WASHINGTON -- Twenty-five years ago this week, an intelligence report crossed my desk warning that Hezbollah terrorists in Lebanon's Bekka Valley were preparing a major attack. Two months prior -- April 18, 1983 -- a Hezbollah truck bomb had exploded in front of the U.S. Embassy in Beirut, killing 63 and wounding another 120. With this grim event in mind, we launched an "all-source" effort to determine the nature of the planned attack, the timing and the target. We failed.
At 6:22 a.m. Sunday, Oct. 23, 1983, the killers carried out their assault. A single terrorist in a Mercedes truck loaded with explosives crashed into the U.S. Marine compound near the Beirut Airport, turned into the lobby of the four-story headquarters, and detonated his lethal cargo. The blast brought down the building, killing 241 Americans and wounding 81 more. Two minutes later, a similar bomb exploded beneath a nearby French paratrooper barracks, killing 58. Until 9/11, it was the deadliest terror attack against Americans in history.
Since the truck-bomb attack on the Marines in Beirut, we have taken to calling these types of terror weapons "vehicular-borne improvised explosive devices," or "VBIEDs." In 1993, 10 years after Beirut, Islamic terrorists in New York used a VBIED to bomb the World Trade Center, killing six and wounding 1,042. The same kind of weapon was used in the 1996 attack on the Khobar Towers in Saudi Arabia to kill 19 and wound 515. By 1998, al-Qaida had made the VBIED their weapon of choice, using them for nearly simultaneous attacks on the U.S. embassies in Dar es Salaam, Tanzania, and Nairobi, Kenya, killing more than 200 and injuring more than 4,000.
While covering U.S. troops in Iraq and Afghanistan for Fox News, I have been an eyewitness to nearly a dozen VBIED attacks. Last week, a suicide terrorist driving a small car swerved into the main gate at the Indian Embassy in Kabul, Afghanistan. When security officers moved to stop him, the driver detonated his deadly cargo, blowing himself and 41 others to pieces. Had the VBIED gone off inside the compound, the carnage undoubtedly would have been even worse.
We have learned that VBIEDs are difficult to detect, hard to deter, and when they are detonated in an enclosed space, they're incredibly deadly. Bloody experience also has taught us that the best way to prevent this lethal destruction is to keep vehicles well away from buildings that are potential targets. Unfortunately, it is a lesson we may learn again -- in our nation's capital.
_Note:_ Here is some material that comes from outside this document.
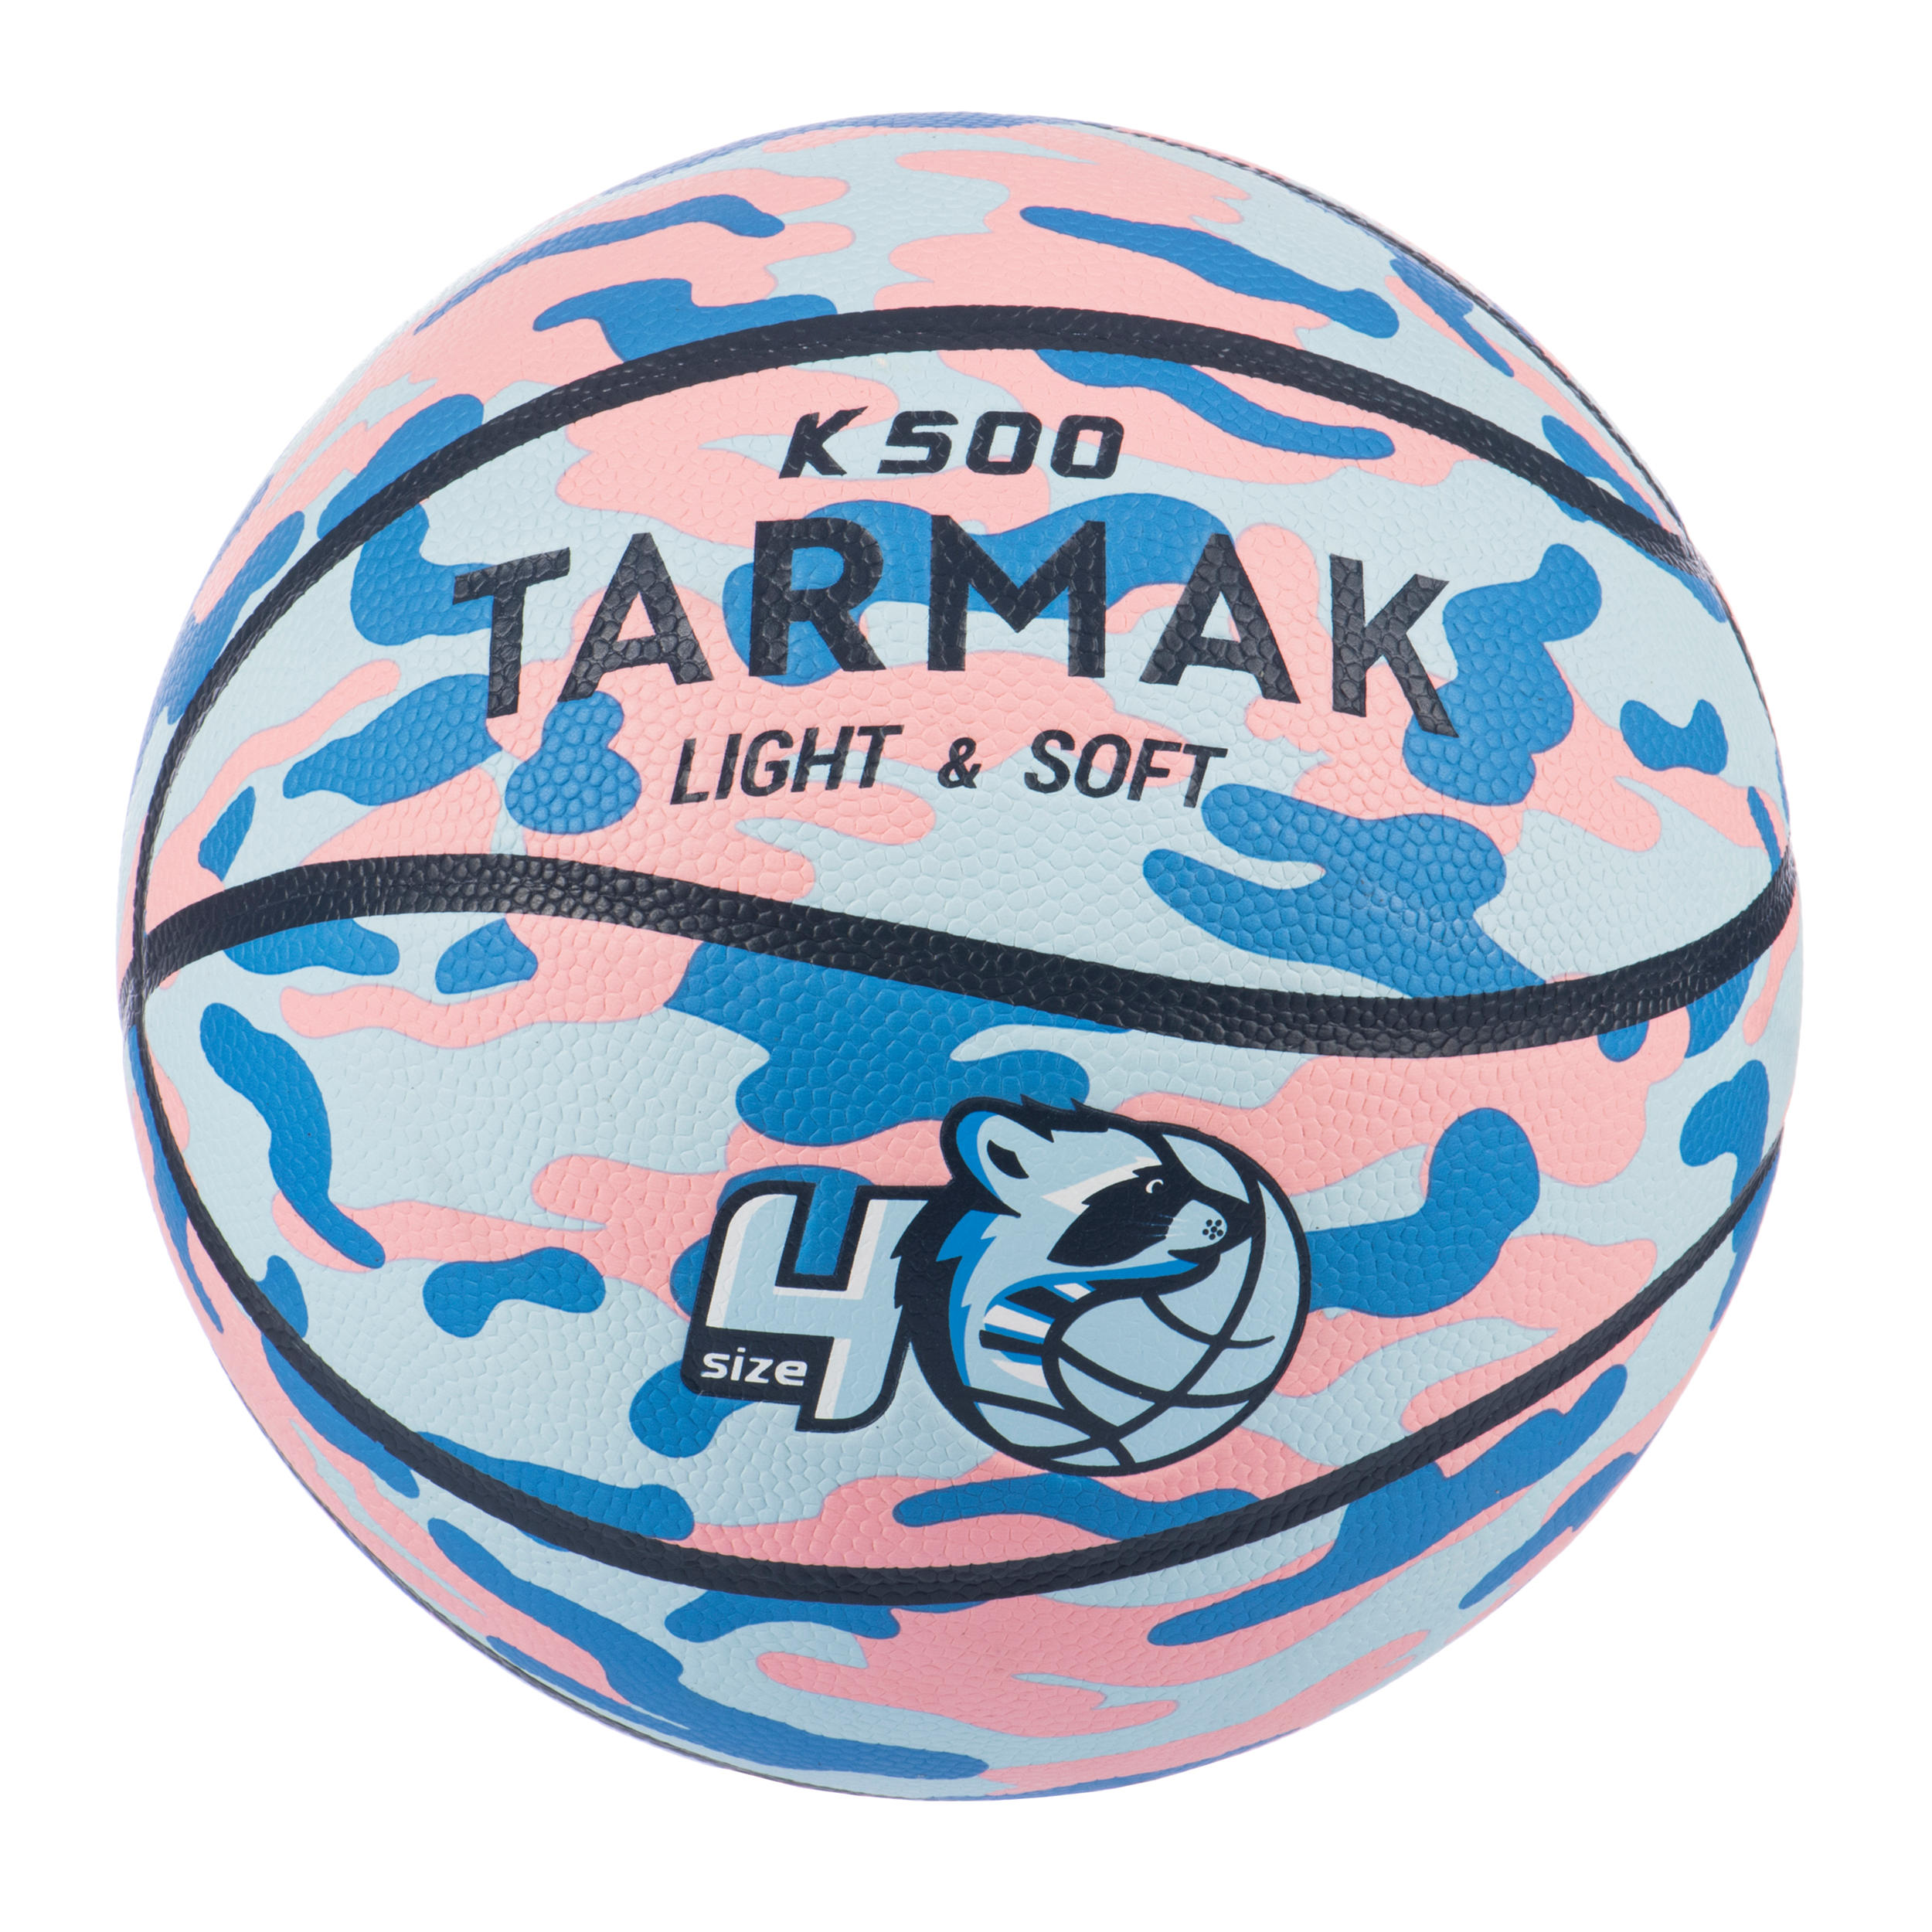 [ส่งฟรี ] บาสเกตบอลแท้ ลูกบาสเกตบอลเด็ก ลูกบาสเบอร์ 4  สำหรับเด็ก เล็ก โต ลูกบาสเก็ตบอลสำหรับเด็กๆ Aniball K500 (สีน้ำเงิน/ชมพู) Basketball kids Basketball Ball outdoor Basketball Ball size 4 Aniball K500 - Blue/Pink

Today, Pennsylvania Avenue is a maze of bollards, vehicle barriers, high fences and heavy gates. Without the appropriate pass, it is practically impossible to get a vehicle anywhere near the White House or any other federal building. In the parlance of security specialists, this is called "offset protection." Regrettably, that kind of safeguard is lacking at one of the busiest buildings in Washington -- one that I use nearly every week: Union Station.
The 101-year-old landmark is a terminus for 4.1 million Amtrak passengers a year. Annually, more than 25 million tourists, Metro and regional-rail commuters pass through the facility. Reflecting bloody experience in Madrid, Spain, and London, trains arriving and departing from platforms behind and beneath Union Station are patrolled by armed law officers. Yet the front of Union Station practically invites attack by a terrorist driving a VBIED.